Look below for the line with "Jual bonsai kelapa" and the line with "Картинки по запросу auckland public bus"; repeat exactly those two lines and all lines between them, but no pictures.

[[ TASK INPUT, beginning ]]

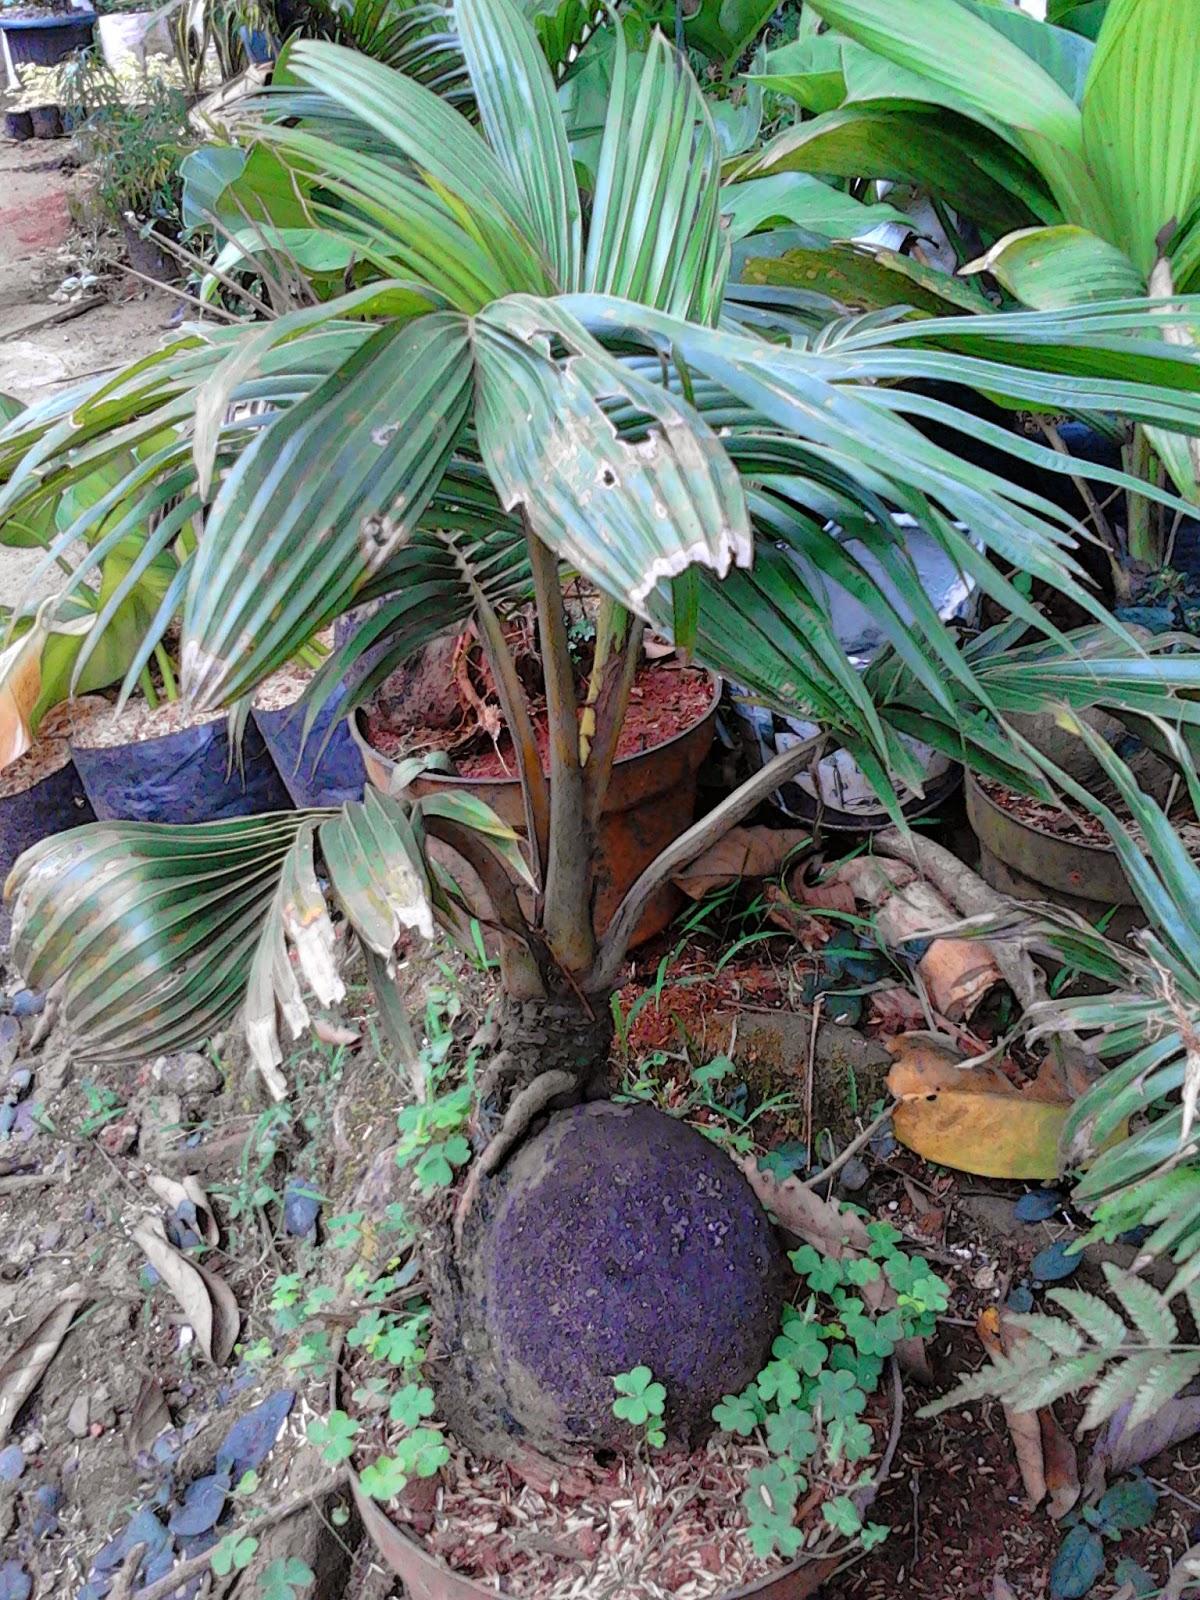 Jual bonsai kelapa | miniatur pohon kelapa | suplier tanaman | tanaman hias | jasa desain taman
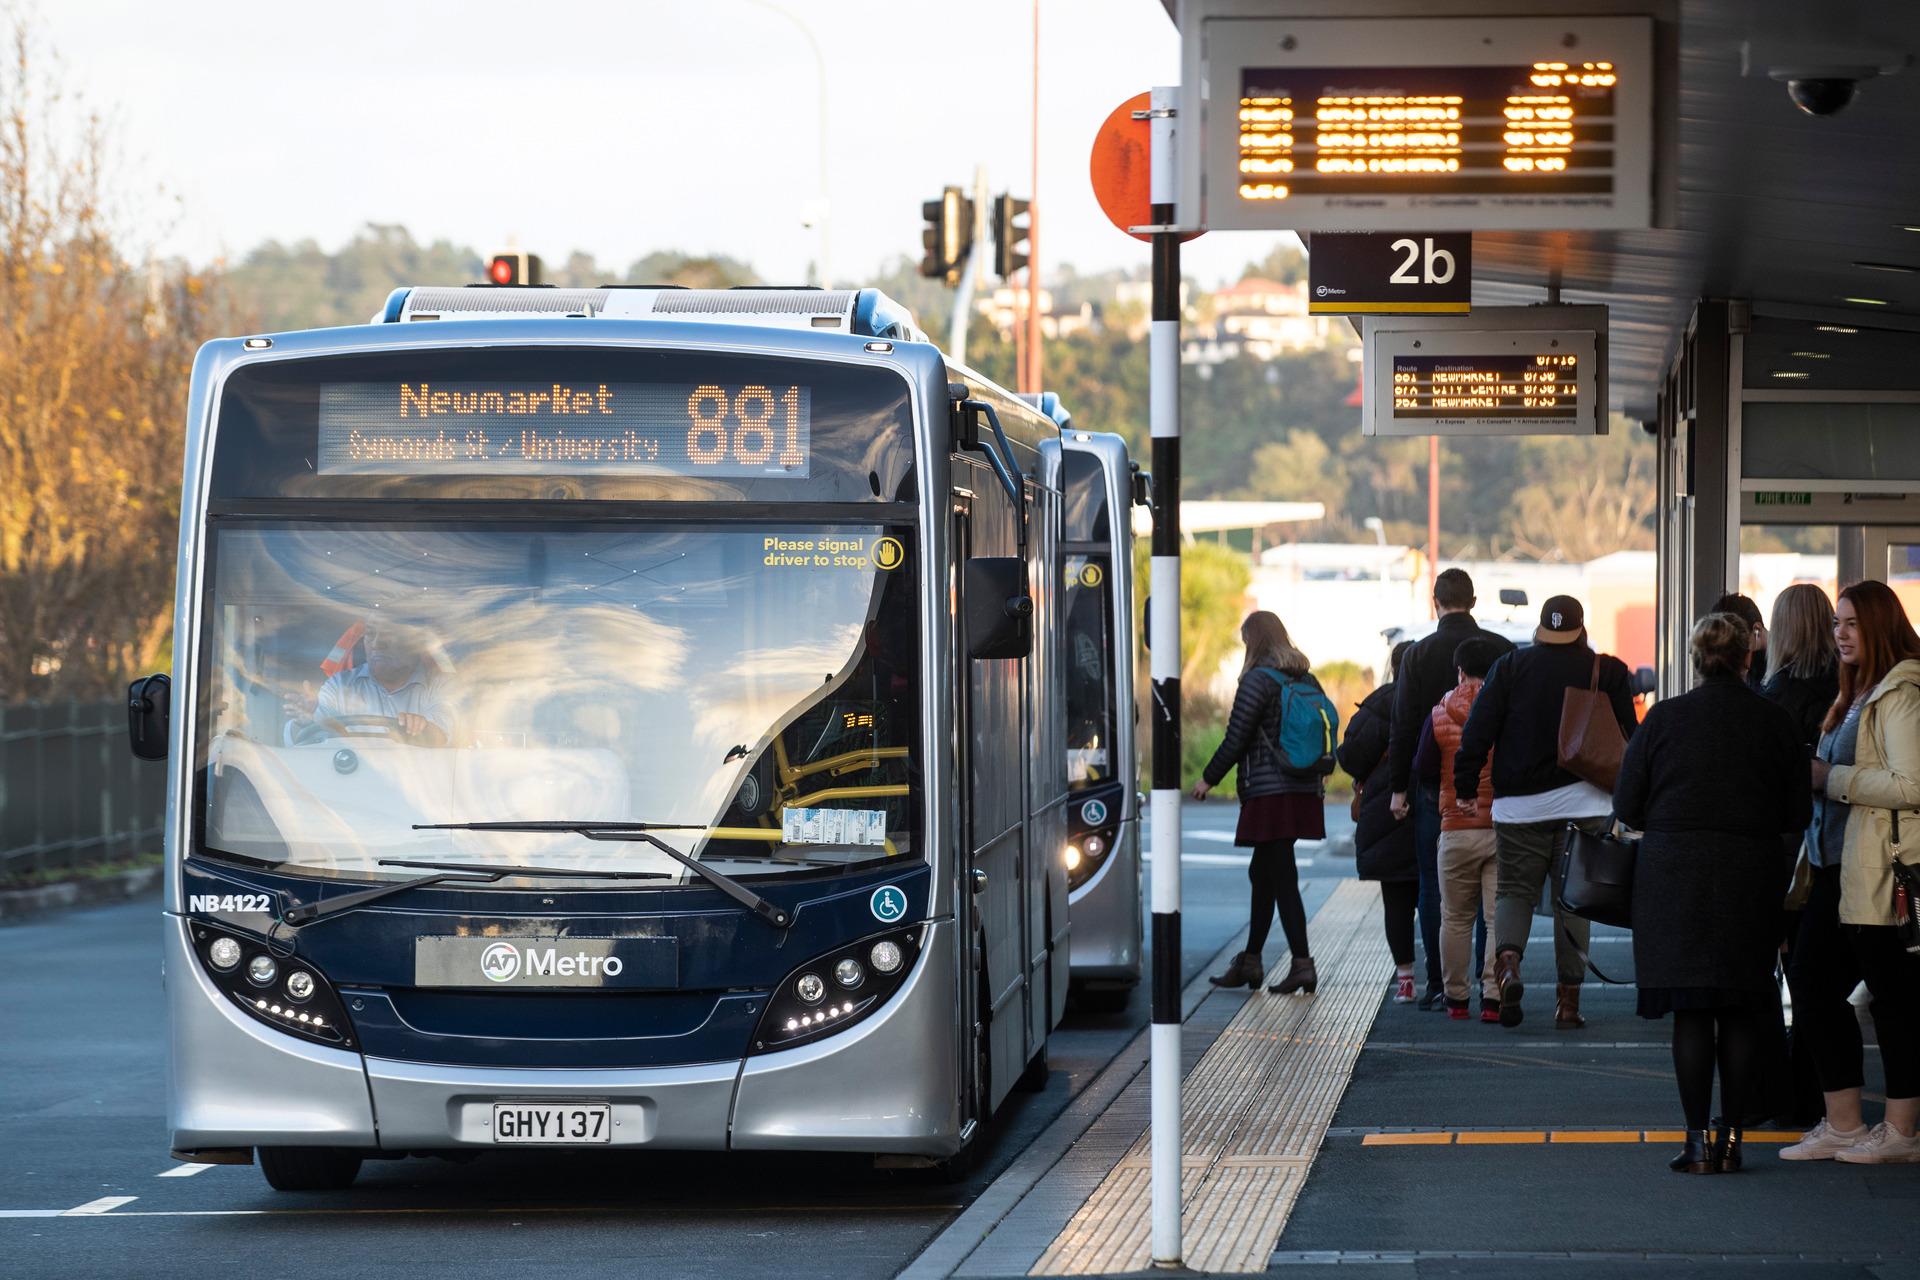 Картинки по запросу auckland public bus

[[ TASK INPUT, end ]]
[[ TASK INPUT, beginning ]]

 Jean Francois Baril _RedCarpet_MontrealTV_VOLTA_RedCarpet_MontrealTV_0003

[[ TASK INPUT, end ]]

THE ANSWER:
 Jual bonsai kelapa | miniatur pohon kelapa | suplier tanaman | tanaman hias | jasa desain taman
 Картинки по запросу auckland public bus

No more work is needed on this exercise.